The Panel concluded that:

“There was clear evidence discussed above that Mr Draper had now reached the stage where he needed further testing and monitoring in conditions of less security, which would also enable him to develop a viable plan for resettlement in the community, and inform future decisions.”

THE DEFENDANT’S DECISION

23.

The defendant’s decision letter of 24 February 2023 correctly summarises the evidence before the Panel and the conclusion which the Panel reached.

24.

However, the letter goes on to conclude that:

(i)

a period in open conditions was not considered to be essential to inform future decisions about release and to prepare for possible release on licence into the community; and

(ii)

a transfer to open conditions would undermine public confidence in the Criminal Justice System.

25.

Under criterion (i) above, the defendant stated:

“The COM is of the view that additional work is required and that this can be completed in closed conditions:

“he finds it difficult to acknowledge his risk factors, and he needed to consolidate his understanding of his internal risk factors and triggers. She said that consolidation work would focus on collaboration between him and professionals to consider his risk and how he could address this and apply his skills. It was her view that he could do this in closed conditions with his POM, or in a Progression Regime, or also in open conditions with EBM which would be less intensive than a progression Regime.””

26.

It is to be noted, however, that:

(i)

The defendant wrongly attributed the views of Ms Anson, the Prison Psychologist, to Katie Lane, the Claimant’s Community Offender Manager. The unequivocal conclusion of the COM, contrary to that attributed to her by the defendant, was that open conditions would be essential to inform future decisions. Ms Anson, in contrast, in her second addendum report, dated 29 September 2022, had expressly disavowed the appropriateness of her passing an opinion of the issue of release or a move to open conditions stating at paragraph 1.5:

“Due to the recent changes with the Parole Board legislation, I am not able to make a recommendation regarding Mr Draper’s suitability for release into the community or for a move to open conditions.”
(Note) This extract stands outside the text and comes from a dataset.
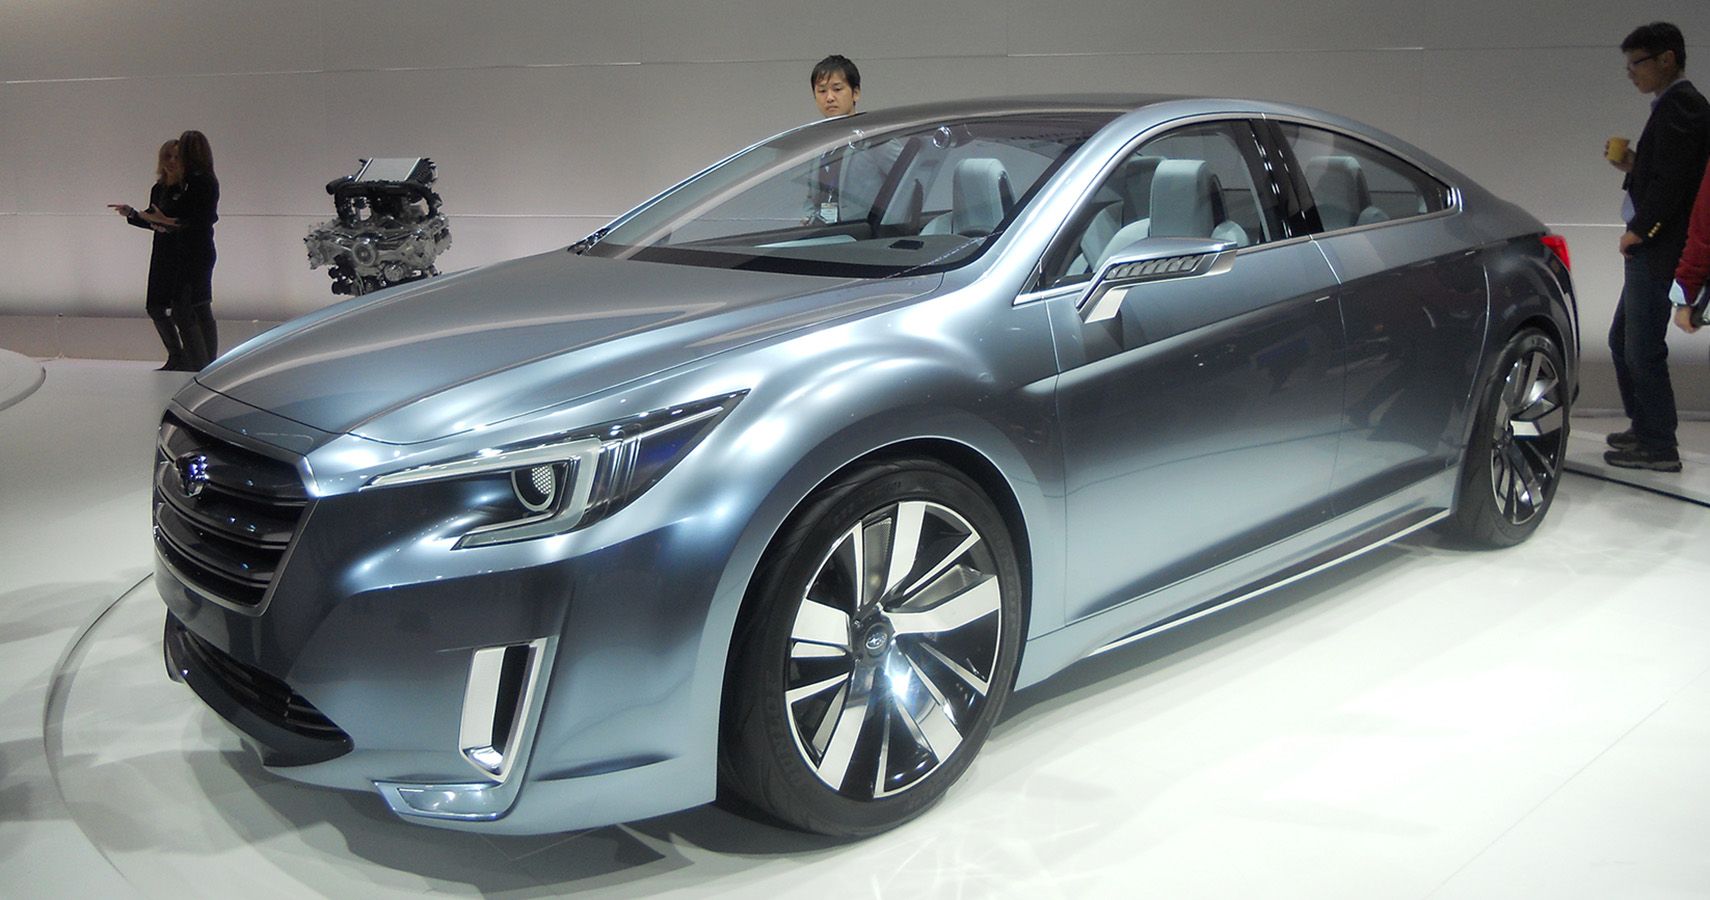 2013 Subaru Legacy Concept: From Slim & Sexy To Dull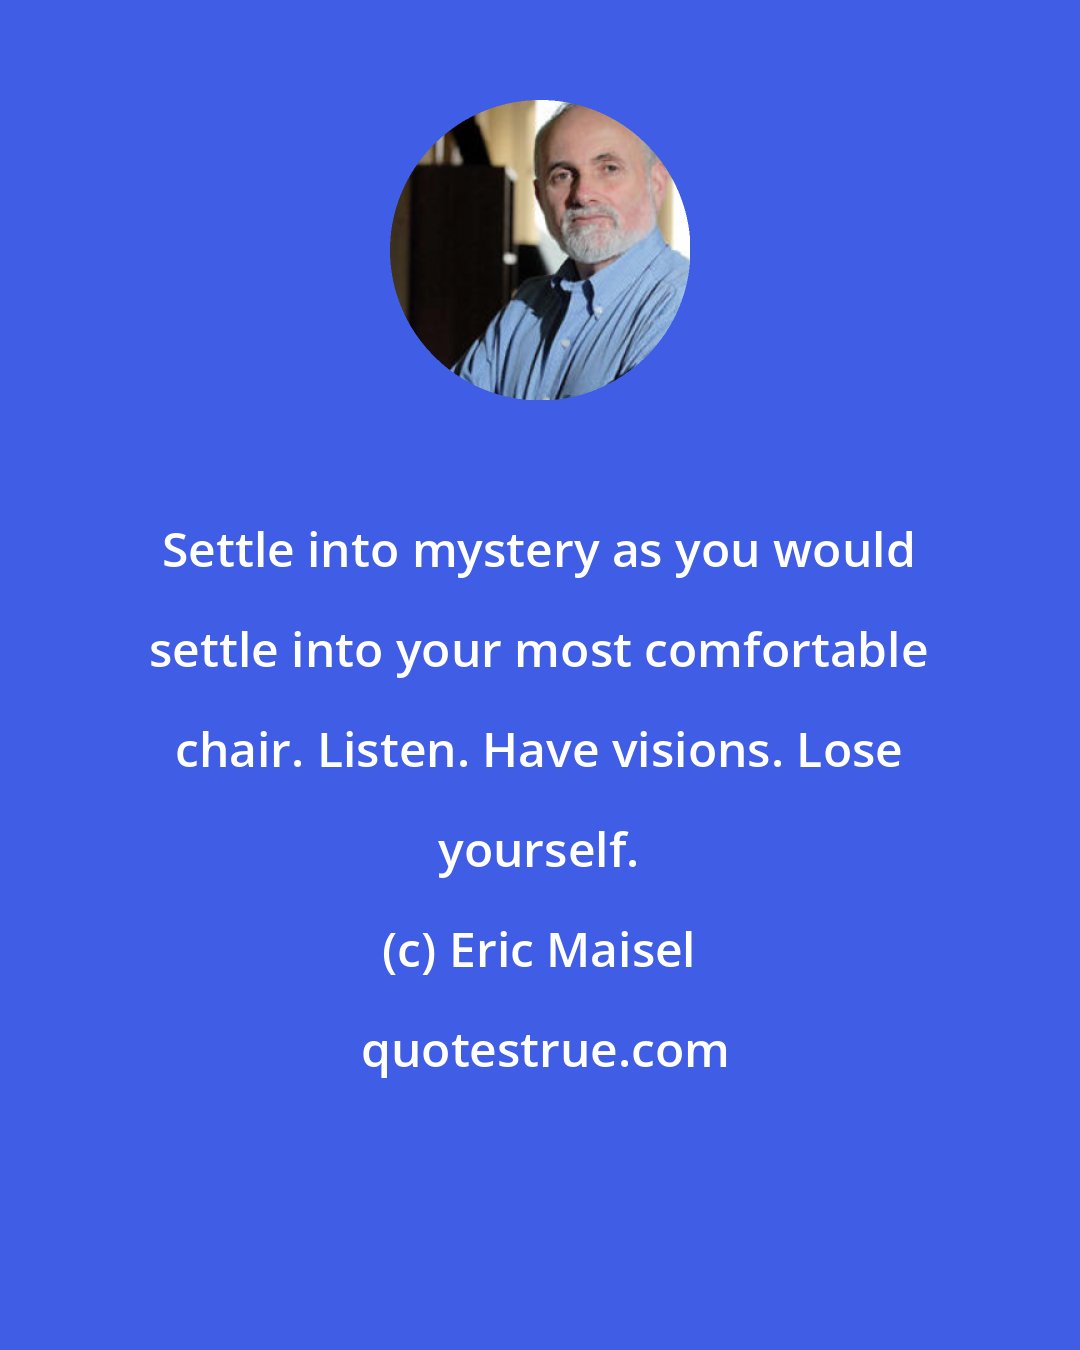 Eric Maisel: Settle into mystery as you would settle into your most comfortable chair. Listen. Have visions. Lose yourself.

It would appear, therefore, that the oral opinions passed by Ms Anson on this topic were in response to direct questions put to her by the Panel during the course of the hearing upon which they enjoyed a considerable advantage of interpretation compared to a paper review;

(ii)

The defendant made no reference to that part of the evidence of Ms Anson referred to above that she was no longer of the same recommendation as in her previous report to remain in closed conditions;

(iii)

The defendant made no reference to the important opinions of the three other professionals who gave oral evidence all of which were strongly supportive of the need to transfer the claimant to open conditions; and

(iv)

The defendant recorded all of the concerns identified by the Panel concerning the allegations of possessing a mobile phone and harassment together with the security information but did not seek to articulate any basis upon which their importance should be elevated so as to undermine the strongly expressed views of the live witnesses to which no, even passing, reference was made.

27.

Under criterion (ii) above the defendant stated:

“The Secretary of State is of the view a transfer in open conditions could have the potential to undermine public confidence in the Criminal Justice system, given the security information, allegations, behaviour in open conditions previously and the COM’s view of outstanding work for him to focus on.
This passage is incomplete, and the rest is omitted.